There is a reason why I only run 3 or 4 days per week. My running workouts are intense...all of them. If I don't take care of my body in between workouts I am not going to improve. If I feel entirely too fatigued when I begin a workout and I don't loosen up within a mile or two, I'm not really going to be doing myself any favors by overdoing it. The idea of "more is better" does not always apply. By taking "more" to an extreme level (and that level is different for everyone) we will start to see diminishing returns for our effort.

Do you think this might apply to you? Take a step back and analyze your fitness schedule. Perhaps you need to let a workout or two go during the week, or focus on different muscle groups on different days. Add in crosstraining, or replace a workout with yoga. Take a look at your diet....are the majority of your calories coming from fresh food sources or do you rely on processed food too much? Try to get adequate sleep and if this means sleeping through a workout, maybe your body needs that rest instead. Perhaps this change for a couple weeks will be exactly what you need to jump start your fitness.

I have a 20 mile run on Saturday. I have had 5 hard workouts in the last 3 days. Although my schedule called for a run today, I decided last night's speed session needed more recovery time. My hamstring has also been snapping at me, so I'm giving it a rest to be fully prepared to tackle my 3 hour run on Saturday. I'm listening to my body and doing what's right for it.

Monday, October 22, 2012


I suppose anytime one races, it's a competition. There are placings and rankings and we are compared to the others who ran the race with us. However, I have rarely set out to run a race with the intention to beat other people. I race against myself. Although I will admit the joy of having an age-group medal dangling around my neck after a race is very sweet indeed.

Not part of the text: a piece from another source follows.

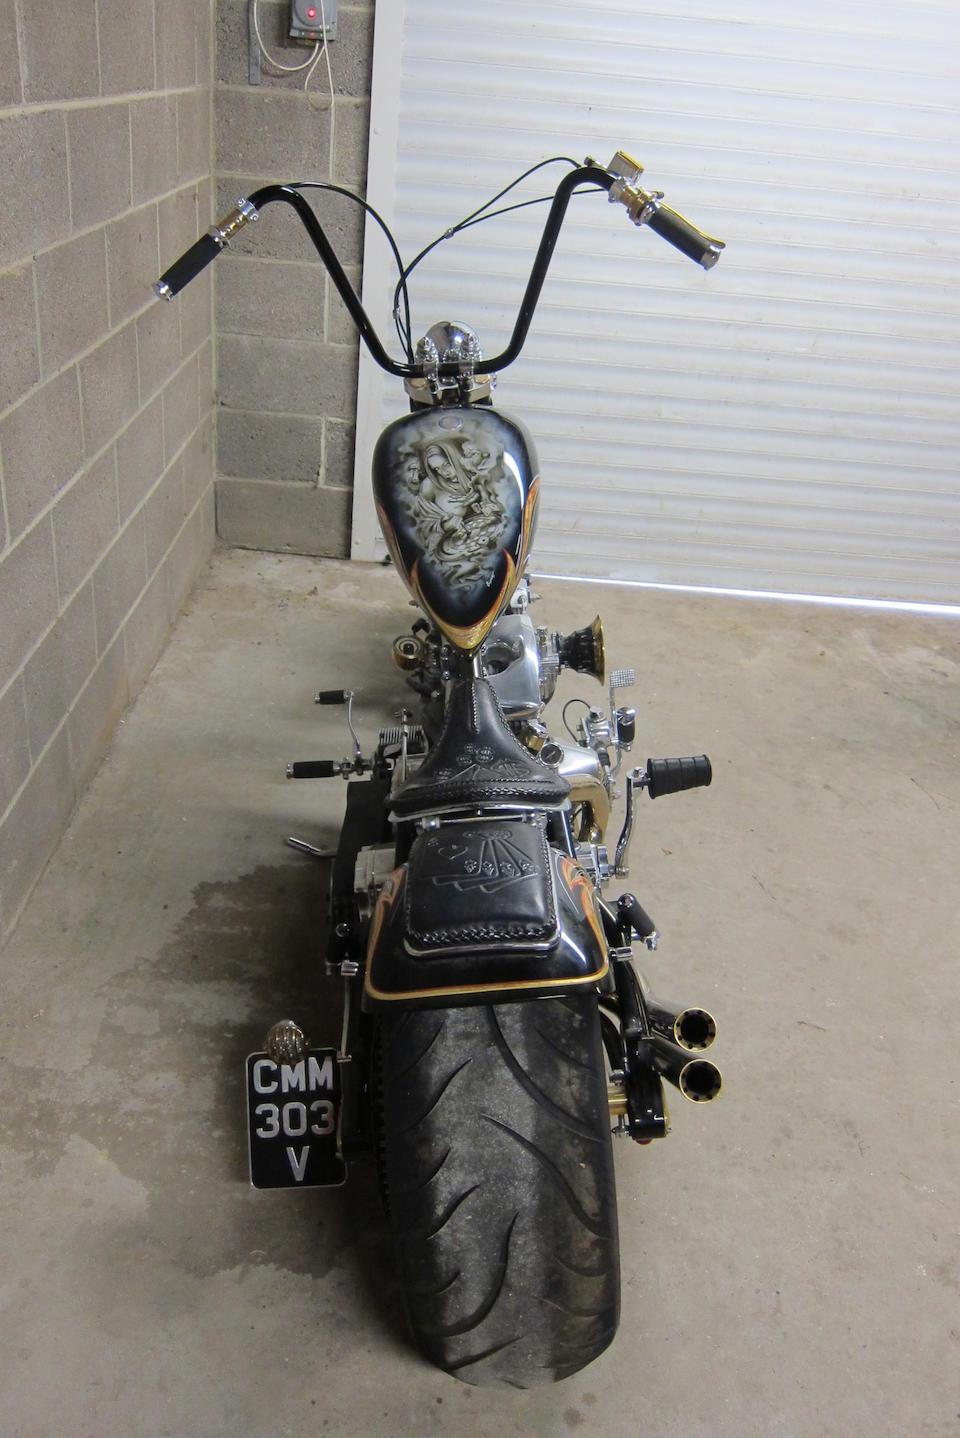 1979 Harley Davidson 1208cc FXE Super Glide 'Lucky 13 Shovel' Frame no. 9D67657H9 Engine no. 9D67657H9

There are so many other competitions out there besides running races. Cycling, weight lifting, Crossfit, swimming....endless different sports. Some emphasize beating other competitors way more than others. Over time, it's actually started to bug me. I am not an elite athlete, I don't want to train like one, and I don't want to be expected to perform like one. And I don't want someone to feel pride because they beat me. Frankly, I'm just tired of hearing about how we must be faster or stronger to be considered worthy.

I am only competing against myself. 

As I was mulling these thoughts, I logged into Facebook and saw this, posted by Livestrong Austin Marathon:

It seemed pretty timely that the first post in my timeline pretty much echoed the thoughts currently in my head.

When I start a race now, I'm thinking not about the runners around me, or how old they might be so I can make sure I beat them in our age group, or if I can pick them off....although I have definitely thought some of this before....instead, I'm thinking about whether or not I can run a smarter, better race than the last time. Can I strategize better? Can I run better splits? Can I squeak out a personal best? Can I learn something new to take into the next race? Can I overcome my obstacles and continue to believe that I am strong enough to perform well?

When I was contemplating where I wanted to take my personal training certification, I thought about whether or not I wanted to be a bootcamp instructor or a one-on-one trainer. When it came right down to it, one-on-one is definitely more my style. I don't ever want anyone to feel like they need to compete with others, or that if they are falling behind the "stronger" athletes around them that they are failing in some way. I think bootcamps can be great motivators, sure, but I'm not so sure that's where my talent is. Perhaps that will change, or I'll find the right kind of group, but for now I only want to worry about people improving upon themselves.

I think we can certainly use others for motivation. I cherish the time with my running groups because they push me to work harder. I may pace off of sometime who is faster than me to see if I can keep up. But I try to never view it as competition.

Although, I will say, if my cute little 13 year old neighbor tries to pick me off in a race, I will try to return the favor...HA!

Friday, October 19, 2012

I found my "why"

I owe today's blog topic inspiration to my friend Dana. She is at a conference and one of the speakers today really got her to think. He was talking about why people continue in their unhealthy lifestyles, with poor eating habits and no exercise, even though we all know better. He said that they do this because they haven't found their "why."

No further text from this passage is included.